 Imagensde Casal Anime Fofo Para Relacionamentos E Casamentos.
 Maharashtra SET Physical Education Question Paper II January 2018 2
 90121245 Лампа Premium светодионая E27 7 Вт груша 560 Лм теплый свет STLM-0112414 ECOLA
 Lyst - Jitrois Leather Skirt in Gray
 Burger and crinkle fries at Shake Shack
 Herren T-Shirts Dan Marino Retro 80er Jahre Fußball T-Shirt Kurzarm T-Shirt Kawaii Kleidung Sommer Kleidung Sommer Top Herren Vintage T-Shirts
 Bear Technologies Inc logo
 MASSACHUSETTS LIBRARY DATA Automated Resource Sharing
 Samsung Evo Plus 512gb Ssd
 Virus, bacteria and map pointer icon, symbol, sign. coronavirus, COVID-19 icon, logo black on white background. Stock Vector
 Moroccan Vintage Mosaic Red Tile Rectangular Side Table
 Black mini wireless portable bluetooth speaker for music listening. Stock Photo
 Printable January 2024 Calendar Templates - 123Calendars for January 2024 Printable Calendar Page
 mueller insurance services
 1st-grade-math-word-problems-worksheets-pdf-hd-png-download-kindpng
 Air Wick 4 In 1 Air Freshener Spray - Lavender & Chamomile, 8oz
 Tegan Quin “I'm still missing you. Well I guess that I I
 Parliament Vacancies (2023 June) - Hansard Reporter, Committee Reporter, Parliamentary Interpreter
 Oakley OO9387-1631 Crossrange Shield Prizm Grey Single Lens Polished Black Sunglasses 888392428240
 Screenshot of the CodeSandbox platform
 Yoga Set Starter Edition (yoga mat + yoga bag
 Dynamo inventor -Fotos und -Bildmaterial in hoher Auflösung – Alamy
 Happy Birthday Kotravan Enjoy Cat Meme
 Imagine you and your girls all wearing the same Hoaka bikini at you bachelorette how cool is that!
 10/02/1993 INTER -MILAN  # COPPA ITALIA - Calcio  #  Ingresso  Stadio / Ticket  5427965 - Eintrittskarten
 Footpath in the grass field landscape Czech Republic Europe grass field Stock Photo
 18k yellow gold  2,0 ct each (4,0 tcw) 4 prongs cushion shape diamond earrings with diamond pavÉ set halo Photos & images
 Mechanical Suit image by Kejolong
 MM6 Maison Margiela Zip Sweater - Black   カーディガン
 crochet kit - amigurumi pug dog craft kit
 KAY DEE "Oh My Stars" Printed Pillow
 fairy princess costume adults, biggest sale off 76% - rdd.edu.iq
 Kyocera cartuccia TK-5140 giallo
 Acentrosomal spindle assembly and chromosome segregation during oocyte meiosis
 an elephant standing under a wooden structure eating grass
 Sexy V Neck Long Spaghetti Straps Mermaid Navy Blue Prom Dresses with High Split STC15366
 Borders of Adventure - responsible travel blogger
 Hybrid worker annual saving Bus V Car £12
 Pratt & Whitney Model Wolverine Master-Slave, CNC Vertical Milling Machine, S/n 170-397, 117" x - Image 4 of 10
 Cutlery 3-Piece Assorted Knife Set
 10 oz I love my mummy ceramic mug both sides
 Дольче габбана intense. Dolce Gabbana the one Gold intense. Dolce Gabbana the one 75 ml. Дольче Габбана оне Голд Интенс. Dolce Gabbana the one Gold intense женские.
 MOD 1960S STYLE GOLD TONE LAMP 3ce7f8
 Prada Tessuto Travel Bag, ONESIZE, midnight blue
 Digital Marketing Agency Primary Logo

______

* DIRECTIONS *
Taking the entries above, print exactly the lines starting at the line with "Parliament Vacancies (2023" and ending at the line with "18k yellow gold", both included.

* SOLUTION FOR THIS PROBLEM *
 Parliament Vacancies (2023 June) - Hansard Reporter, Committee Reporter, Parliamentary Interpreter
 Oakley OO9387-1631 Crossrange Shield Prizm Grey Single Lens Polished Black Sunglasses 888392428240
 Screenshot of the CodeSandbox platform
 Yoga Set Starter Edition (yoga mat + yoga bag
 Dynamo inventor -Fotos und -Bildmaterial in hoher Auflösung – Alamy
 Happy Birthday Kotravan Enjoy Cat Meme
 Imagine you and your girls all wearing the same Hoaka bikini at you bachelorette how cool is that!
 10/02/1993 INTER -MILAN  # COPPA ITALIA - Calcio  #  Ingresso  Stadio / Ticket  5427965 - Eintrittskarten
 Footpath in the grass field landscape Czech Republic Europe grass field Stock Photo
 18k yellow gold  2,0 ct each (4,0 tcw) 4 prongs cushion shape diamond earrings with diamond pavÉ set halo Photos & images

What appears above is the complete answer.